Here’s a brief overview of each metric:

• Euclidean Distance (L2): Measures the straight-line distance between two vectors in space. It’s sensitive to the magnitude of the vectors and is suitable when absolute differences are meaningful.

• Cosine Similarity: Measures the cosine of the angle between two vectors, focusing on their orientation rather than magnitude. It’s commonly used in text analysis where the direction of the vector (representing the concept) is more important than its length.

• Inner Product (Dot Product): Calculates the sum of the products of the corresponding entries of two sequences of numbers. It’s effective when both the magnitude and direction of the vectors are significant.

How Are These Vectors Created?

To use vector search, you first need to convert your data into vectors — and that’s where embedding models come in. These models take raw data like text, images, or audio and turn it into numerical representations that capture meaning, context, or features.

Here are some widely used models that generate embeddings:

• Word2Vec: One of the earliest word embedding models. It helped show that relationships between words can be captured mathematically — like “king” is to “queen” as “man” is to “woman.”
• GloVe: Developed by Stanford, this model also creates word embeddings by analyzing global word co-occurrence statistics. It’s efficient and still widely used.
• FastText: From Facebook, this model improves on Word2Vec by understanding subword information. It can generate embeddings for words it hasn’t seen before by breaking them into pieces.
• BERT: A transformer-based model from Google that understands words in context. For example, it distinguishes between “bank” in “river bank” vs. “bank account.” It can produce embeddings for sentences, paragraphs, or entire documents.
• MPNet / MiniLM / all-MiniLM-L6-v2: These are optimized sentence embedding models from the SentenceTransformers family, ideal for tasks like semantic search, FAQ matching, and duplicate detection.
• OpenAI Embeddings (e.g., text-embedding-3-small): These are highly general-purpose embeddings used in applications like search, clustering, and classification.
• CLIP: A model by OpenAI that understands both images and text in the same space. Show it a photo of a puppy, and it can match it to the text “cute dog.”
• ResNet: A deep convolutional neural network that’s great at converting images into embeddings. Commonly used for visual similarity and image classification.
• VGG / EfficientNet / Vision Transformers (ViT): Other strong image models widely used for turning pictures into vector embeddings.
• Whisper: OpenAI’s model for transcribing audio into text, which can then be embedded for tasks like voice search or audio classification.

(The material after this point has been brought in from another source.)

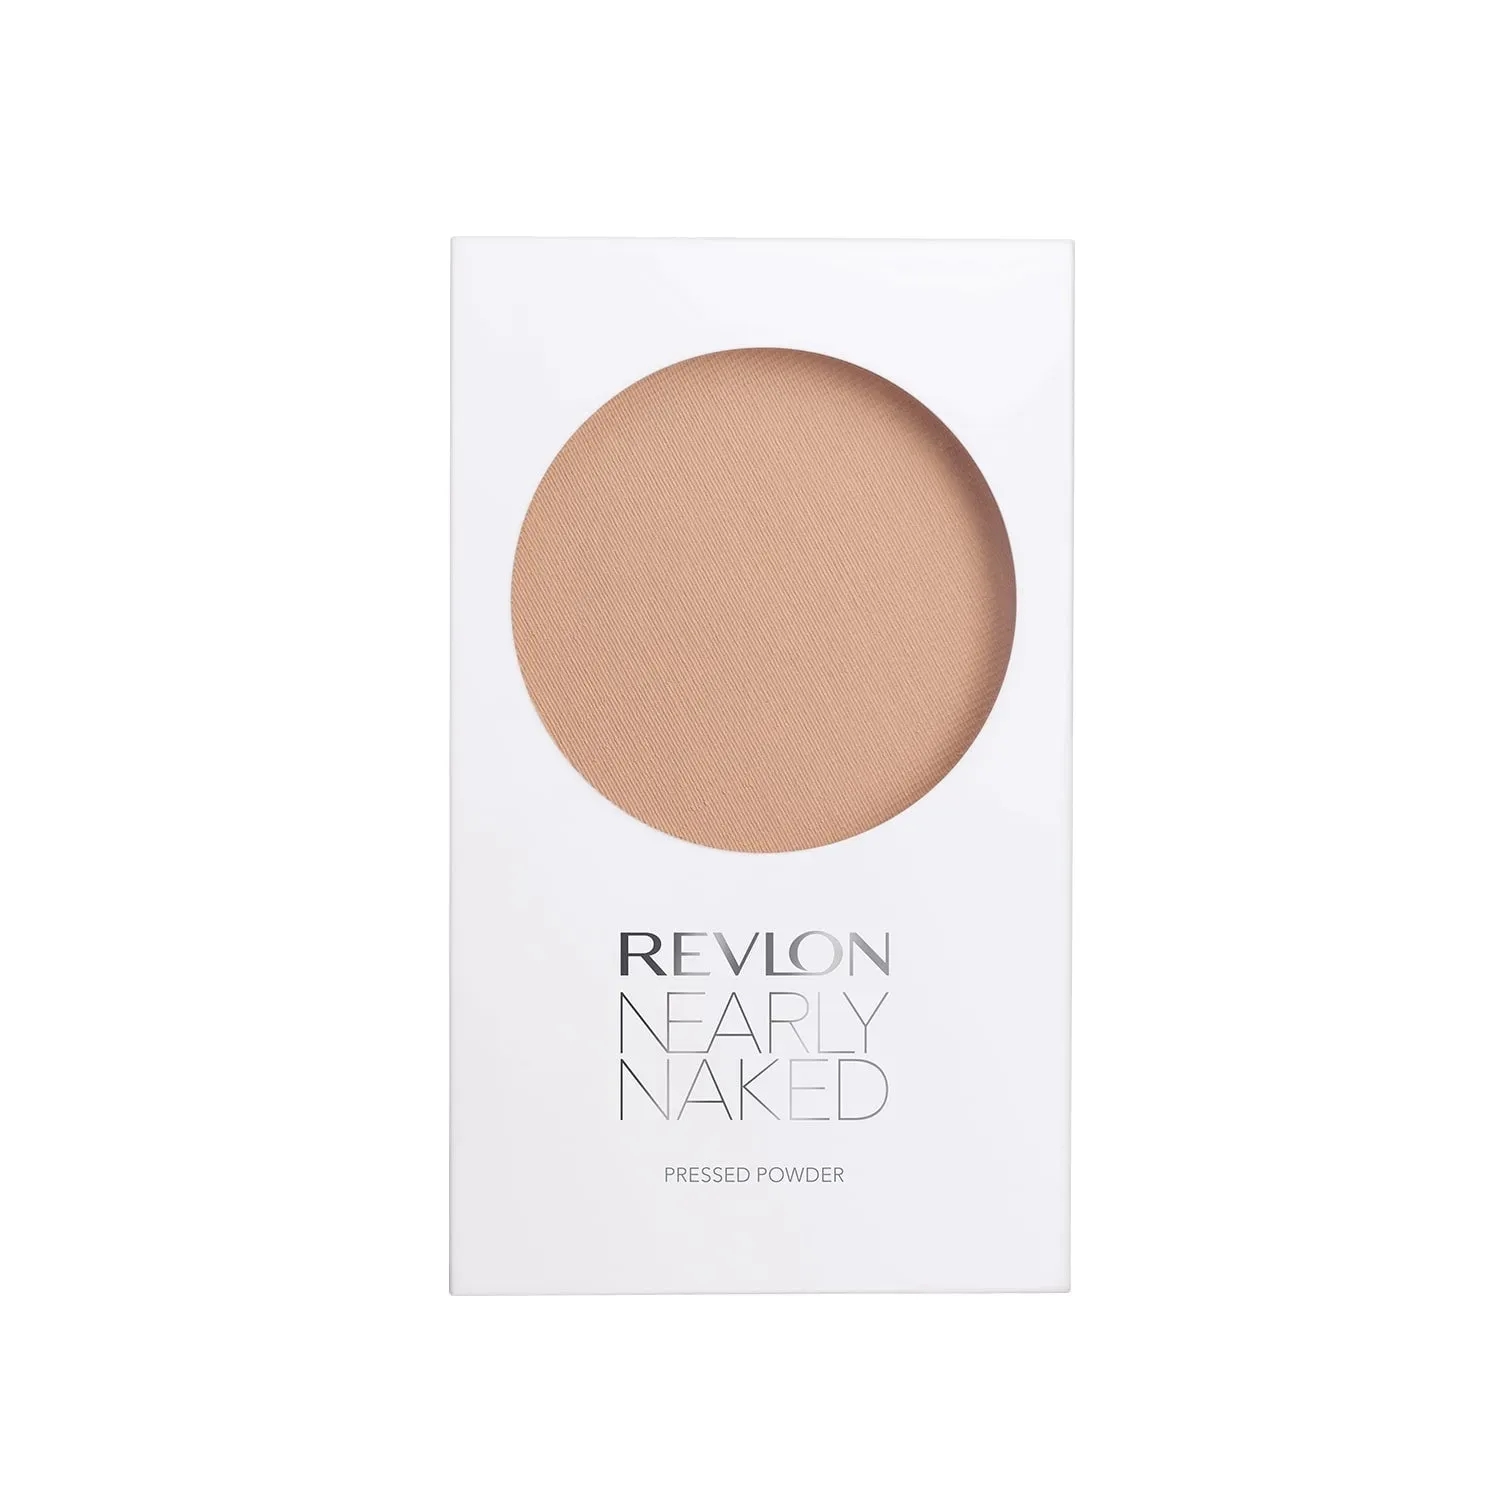 Revlon | Revlon Nearly Naked Pressed Powder - Medium (8g)

Manticore Search works with all of these and more. It doesn’t lock you into a particular model — you can use whatever fits your project best, whether you’re working with text, images, or audio. As long as you can convert your data into vectors, Manticore can search it.

3. How Does Vector Search Work?

Now that we’ve covered what embeddings are and how they represent similarity, let’s look at how Manticore actually performs vector search. The real power behind the scenes comes from a clever algorithm called HNSW — short for Hierarchical Navigable Small World.

Yeah, it sounds like something out of a sci-fi novel — and honestly, it kind of is. But instead of guiding spaceships through wormholes, HNSW helps us navigate massive collections of vectors really, really fast.

HNSW: The Algorithm with the Terrible Name

Searching through a huge vector index is a bit like looking for a needle in a haystack — except the haystack has millions of straws, and some of them look a lot like the needle. If you had to check each one individually, it would take forever.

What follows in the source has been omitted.